Institutions: University of Basel and University Hospital Basel.
The study of T cell responses and their consequences during allo-antigen recognition requires a model that enables one to distinguish between donor and host T cells, to easily monitor the graft, and to adapt the system in order to answer different immunological questions. Medawar and colleagues established allogeneic tail-skin transplantation in mice in 1955. Since then, the skin transplantation model has been continuously modified and adapted to answer specific questions. The use of tail-skin renders this model easy to score for graft rejection, requires neither extensive preparation nor deep anesthesia, is applicable to animals of all genetic background, discourages ischemic necrosis, and permits chemical and biological intervention.

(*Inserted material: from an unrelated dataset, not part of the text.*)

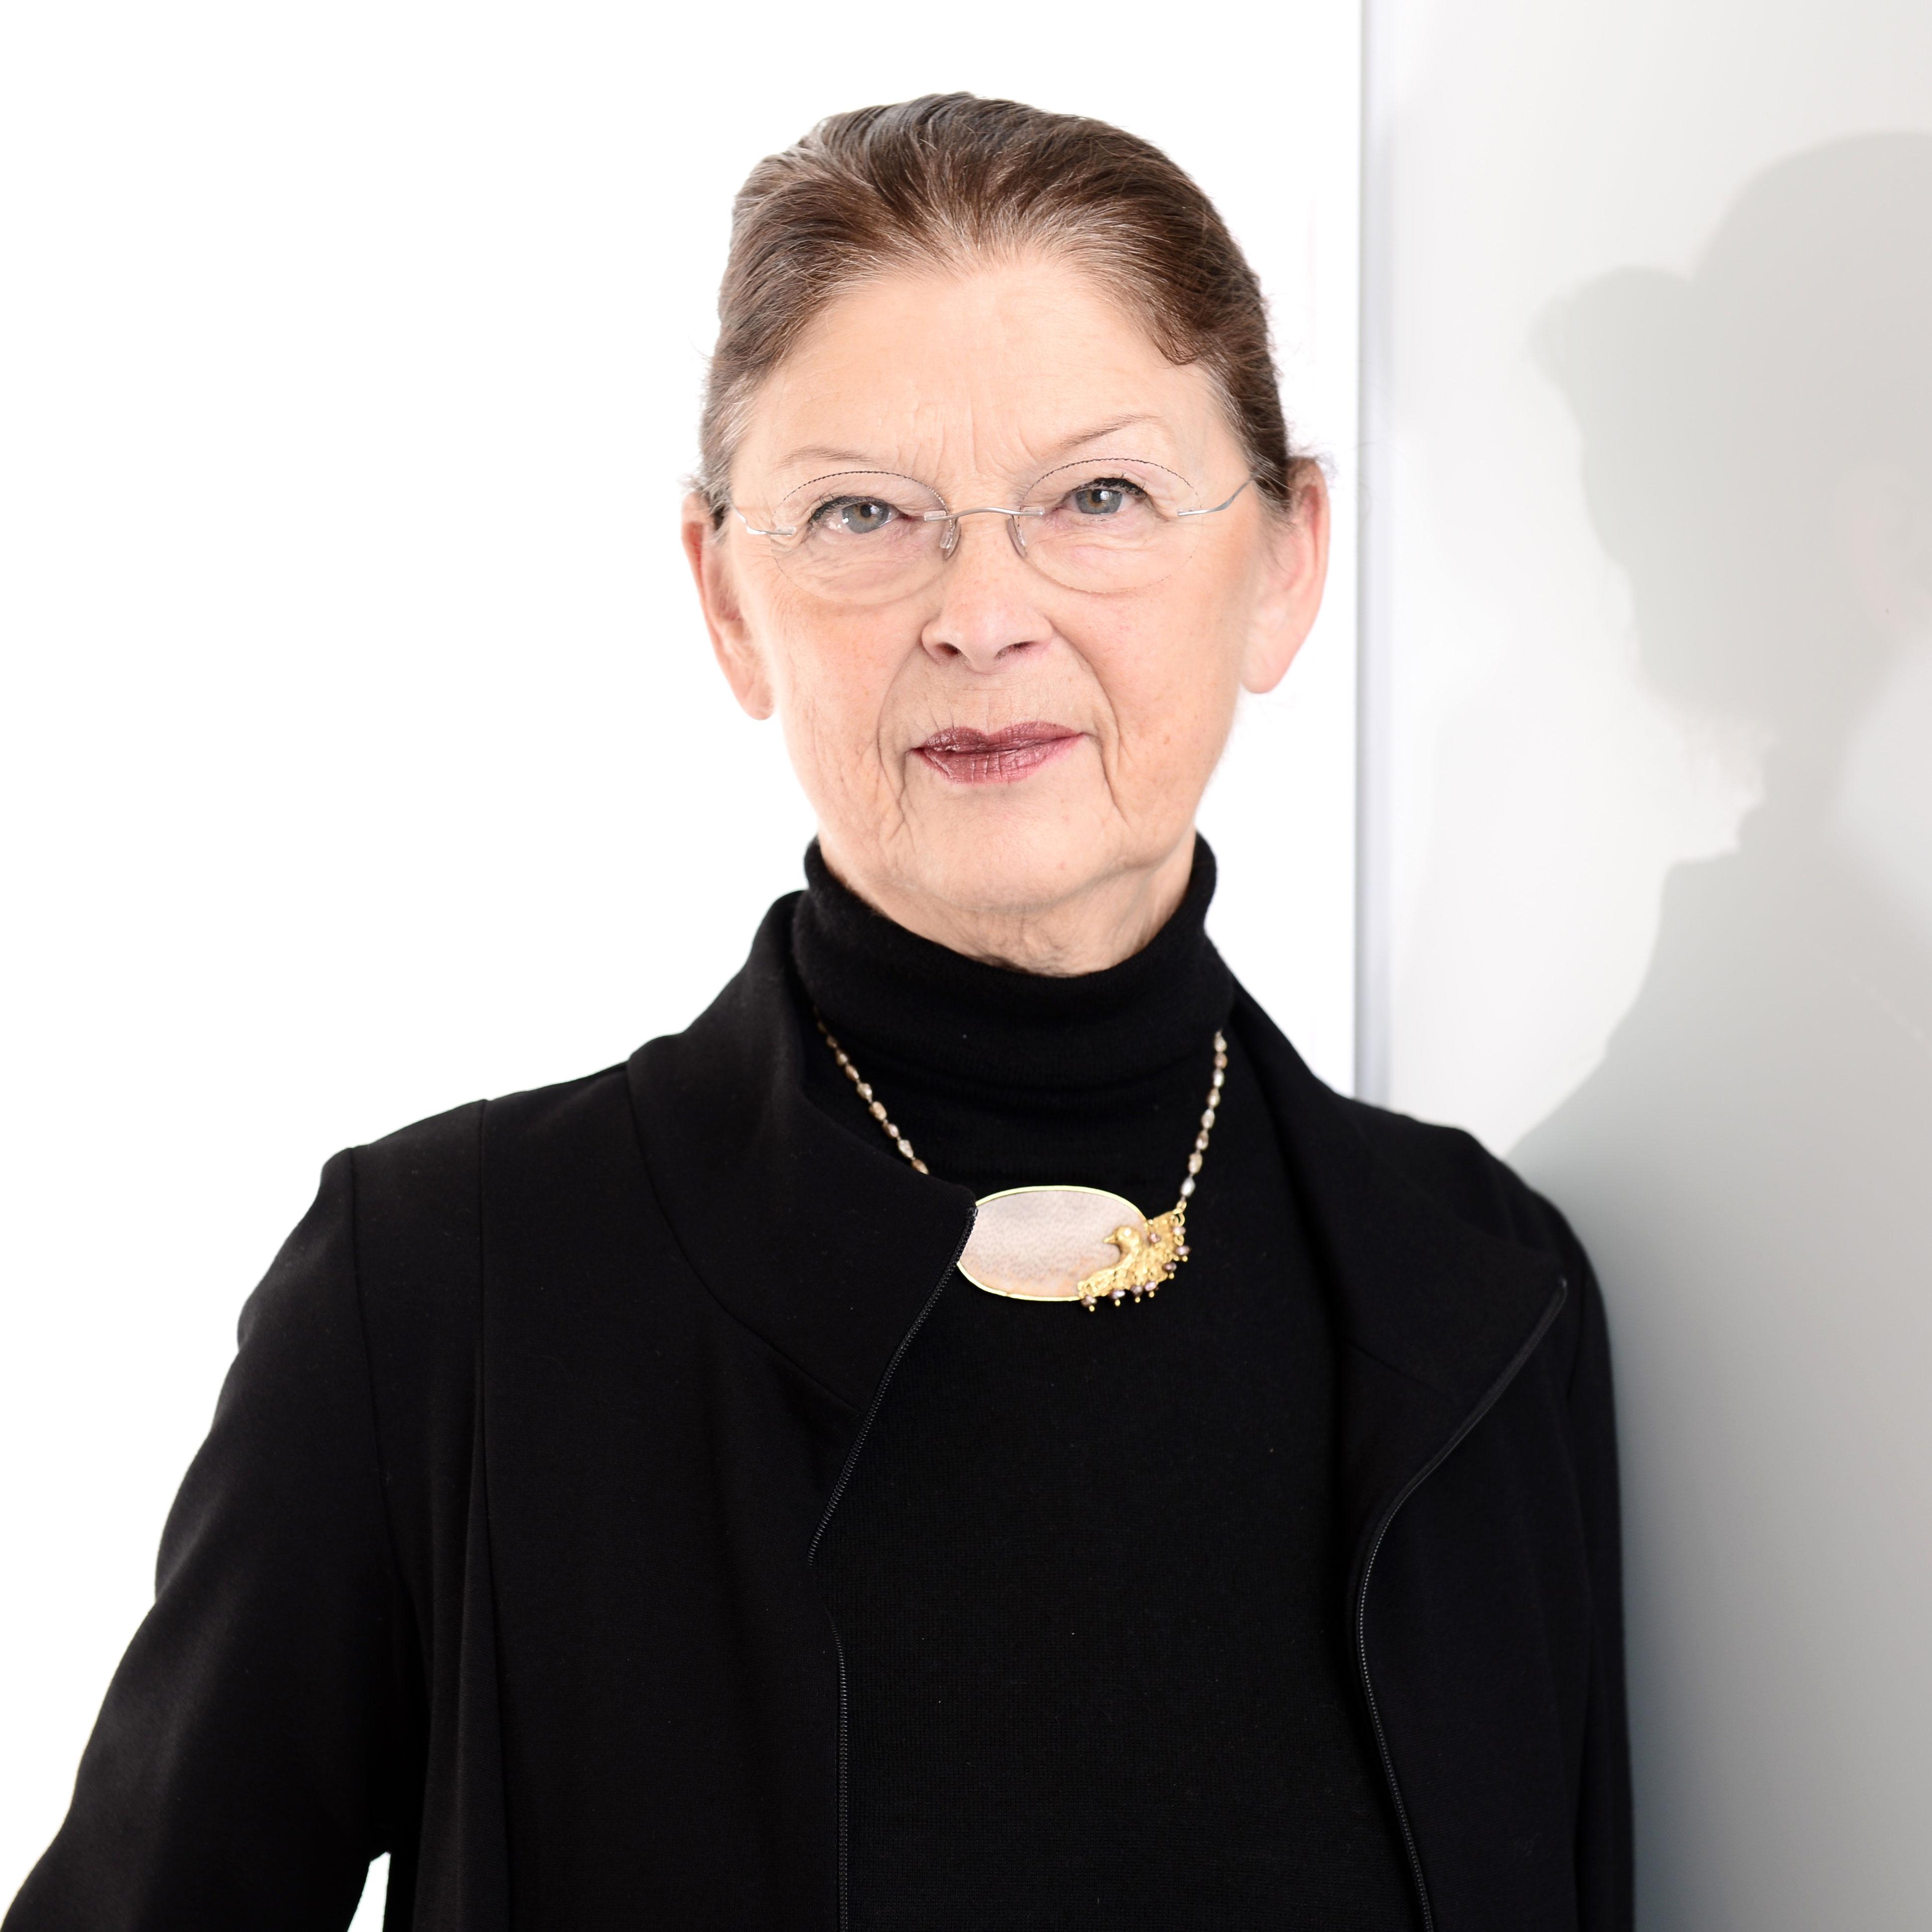 Karin Melchior

In general, both CD4+ and CD8+ allogeneic T cells are responsible for the rejection of allografts since they recognize mismatched major histocompatibility antigens from different mouse strains. Several models have been described for activating allogeneic T cells in skin-transplanted mice. The identification of major histocompatibility complex (MHC) class I and II molecules in different mouse strains including C57BL/6 mice was an important step toward understanding and studying T cell-mediated alloresponses. In the tail-skin transplantation model described here, a three-point mutation (I-Abm12) in the antigen-presenting groove of the MHC-class II (I-Ab) molecule is sufficient to induce strong allogeneic CD4+ T cell activation in C57BL/6 mice. Skin grafts from I-Abm12 mice on C57BL/6 mice are rejected within 12-15 days, while syngeneic grafts are accepted for up to 100 days. The absence of T cells (CD3-/- and Rag2-/- mice) allows skin graft acceptance up to 100 days, which can be overcome by transferring 2 x 104 wild type or transgenic T cells. Adoptively transferred T cells proliferate and produce IFN-γ in I-Abm12-transplanted Rag2-/- mice.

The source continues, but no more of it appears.